The Velvet Sundown: viral band that doesn't actually exist
The Velvet Sundown, apparently a four-piece band of "shaggy-haired rockers", arrived on the music scene seemingly out of nowhere in June with a blend of "laid-back 1970s-inspired rock and modern indie pop", said CBC.
Now the group are racking up a million streams per month on Spotify, featuring in several of the platform's popular playlists.
So far, so good. But "savvy listeners" quickly realised "something was off". The Velvet Sundown had never performed in person, gave no interviews, and their album artwork bears the "hallmarks of generative AI". Were they even real?
'Soulless lacklustre'
After internet sleuths got to work, the "band" was forced to confirm its existence as a "synthetic music project", created with the help of artificial intelligence tools, said Rolling Stone.
Music critics and technology experts began to piece together the "technical quilt" that could make an AI-generated album possible, said The Atlantic. ChatGPT can create "plausible" lyrics: "Dust in the Wind", the Velvet Sundown's most popular track, regales the listener with lines such as "dust on the wind / boots on the ground / smoke in the sky / no peace found". Meanwhile, software such as Suno can generate "instrumentation and vocals" with just a few prompts.

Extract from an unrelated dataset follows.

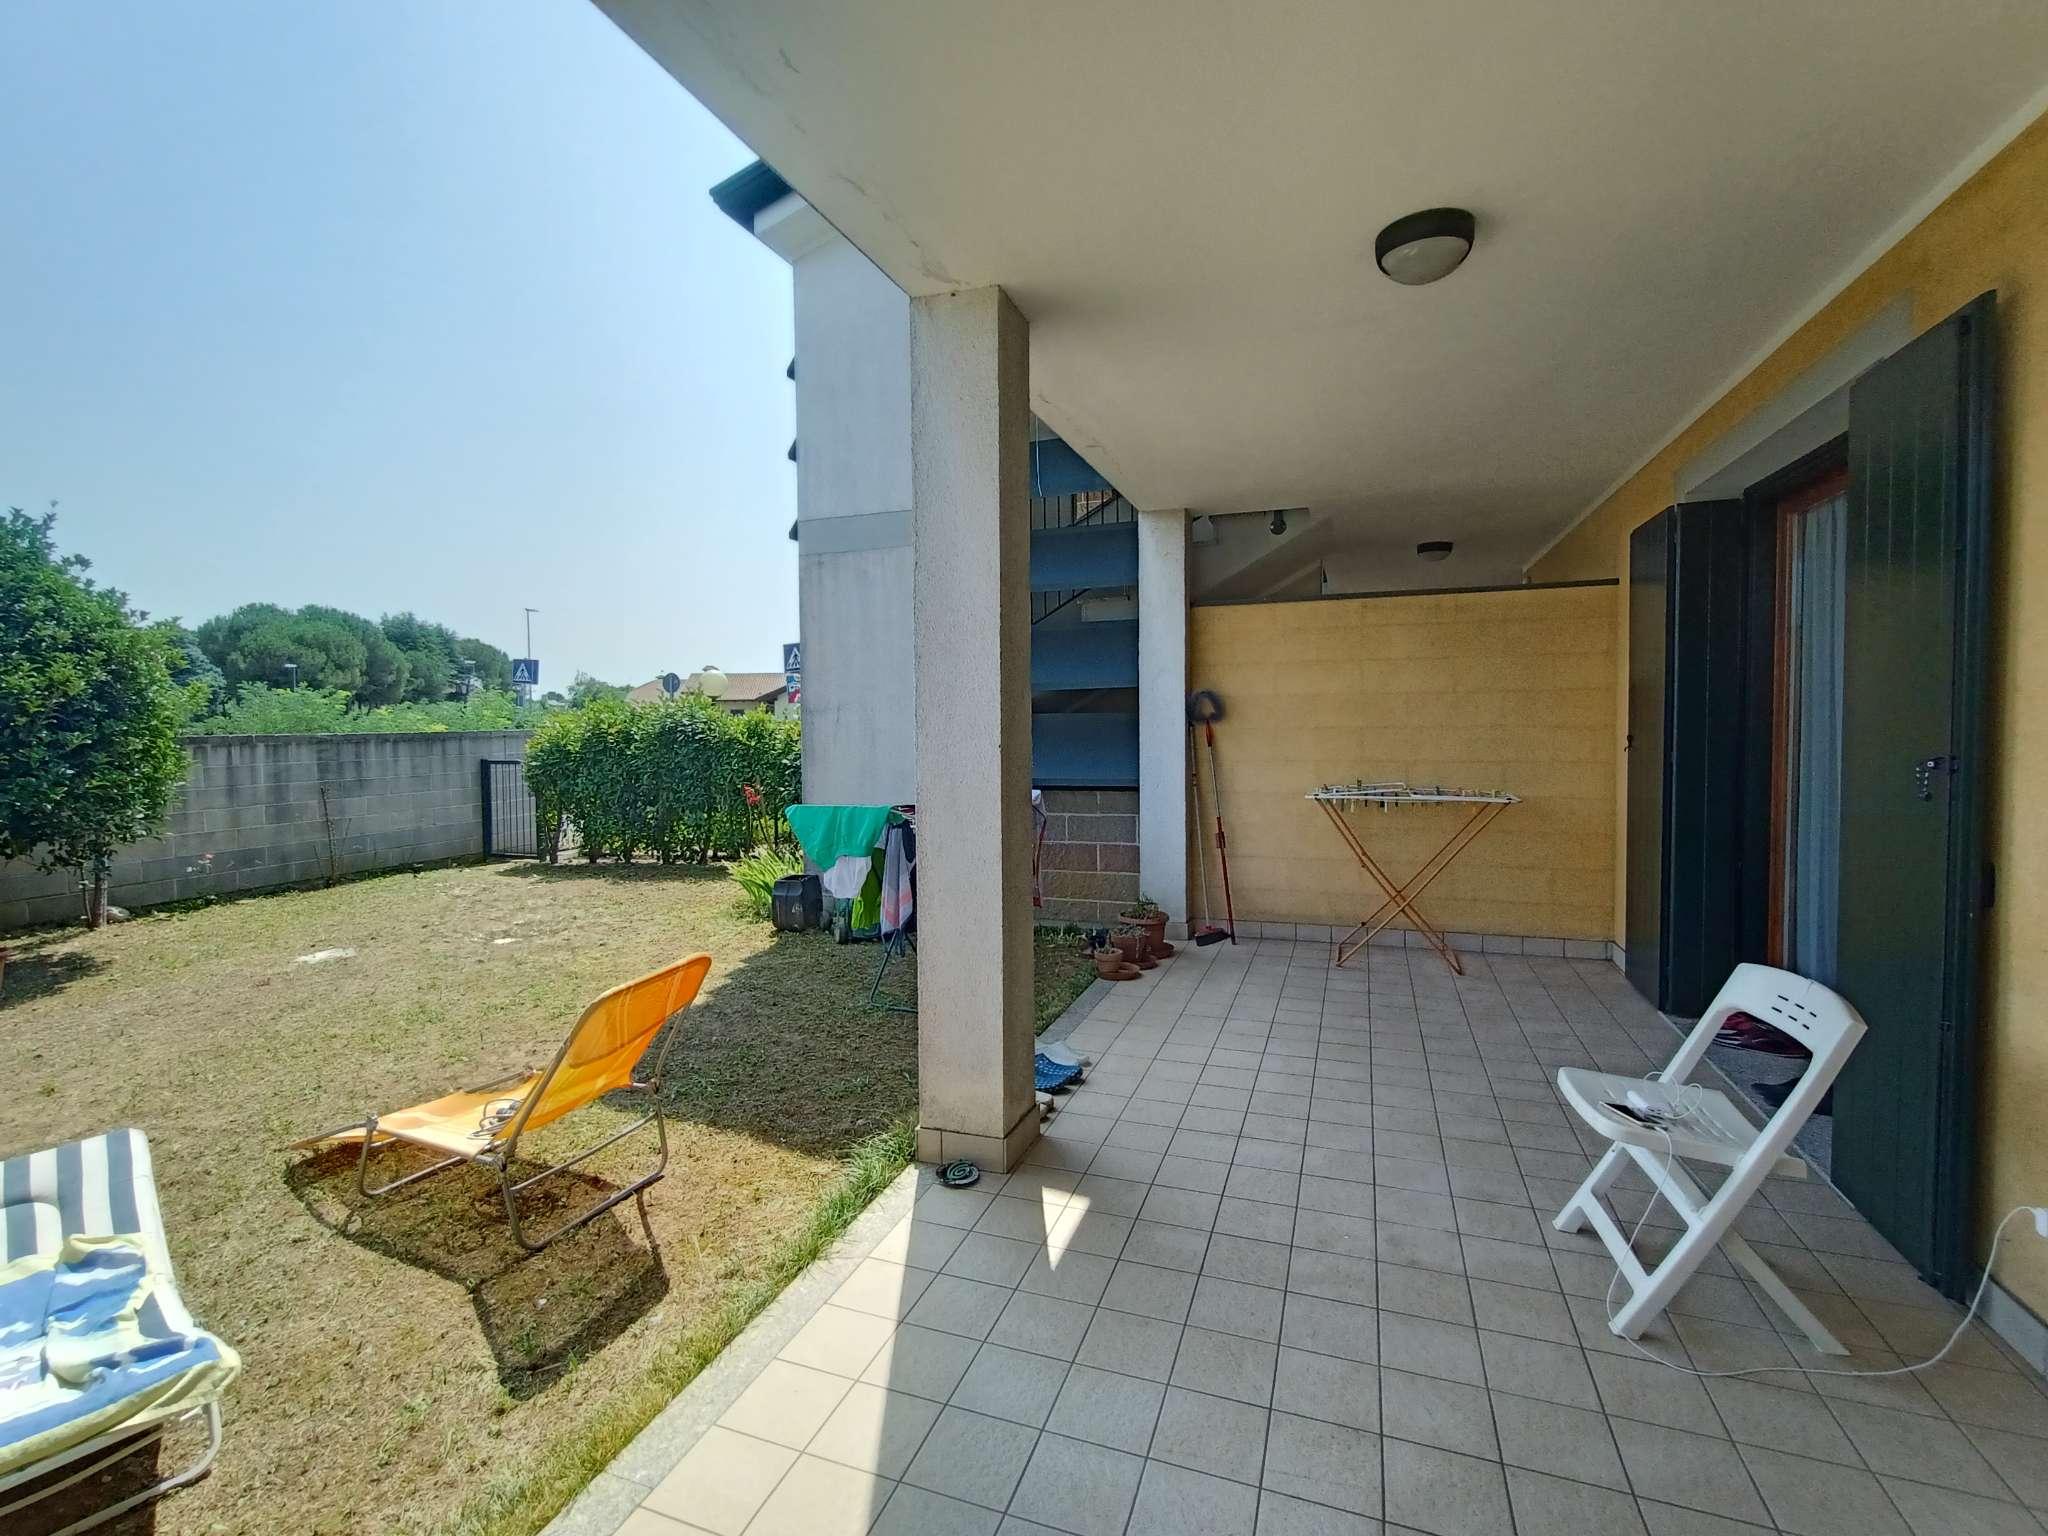 Appartamento in vendita a Pavia di Udine, 6 locali, prezzo € 157.000 | PortaleAgenzieImmobiliari.it

But the Velvet Sundown's "soulless lacklustre" and "milquetoast moodiness" may actually hold the secret to the band's success. Its monotony appears ideal in an era where listeners are simply looking for music to "drown out everything else".

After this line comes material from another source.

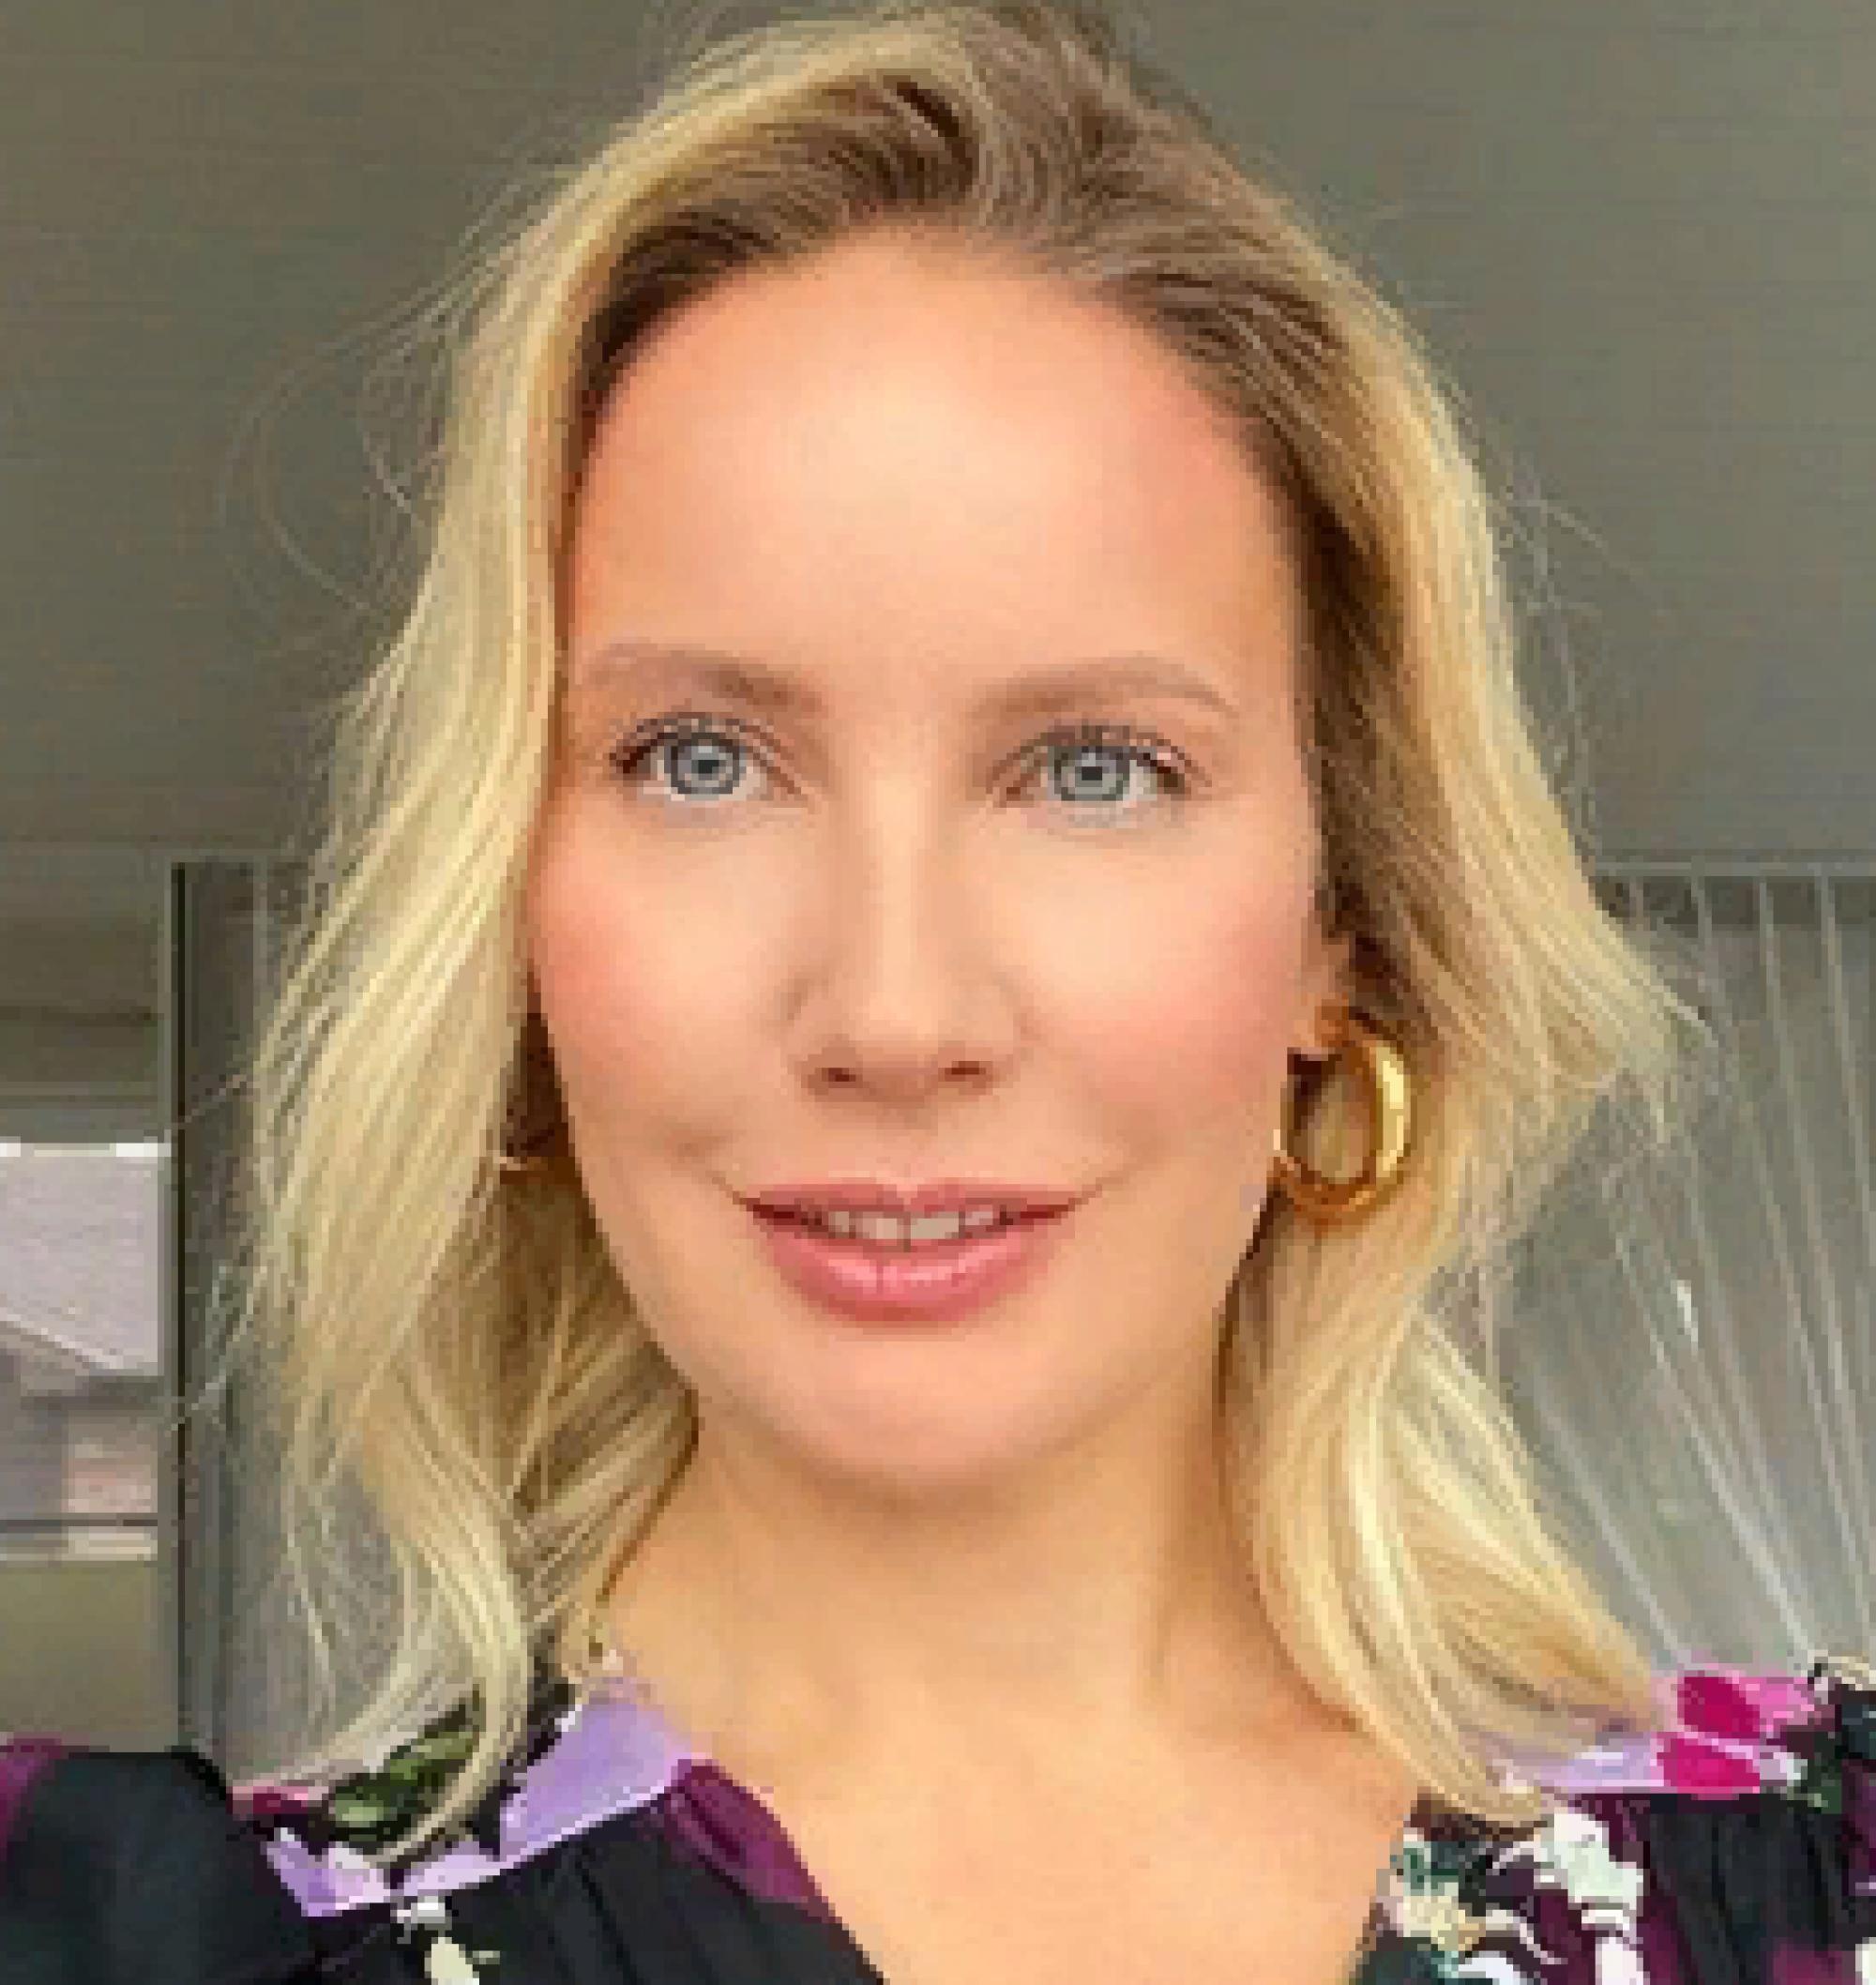 Елена Летучая рассказала, сколько прибавила в весе на самоизоляции

'Theft dressed up as competition'
A "rising tide" of generative AI is seeping into popular playlists used for studying or relaxing, interspersing real tracks with "gobs of computer-generated slop", said Futurism.
Whether hoax or experiment, "paying punters" do "deserve to know if the band we are listening to is fake", said TechRadar, but many streaming platforms refuse to label music as generated by AI.
With this information, and the knowledge that AI music is now such an "easy way to generate revenue", an "absolute deluge" of generated content is "on the way" to our streaming platforms.
Musicians are alarmed. The Velvet Sundown is "theft dressed up as competition", Ed Newton-Rex told the BBC. Newton-Rex, a composer and founder of Fairly Trained, which campaigns for AI companies to respect creators' rights, warned this technology has the potential to impact livelihoods, and is "exactly what artists have been worried about".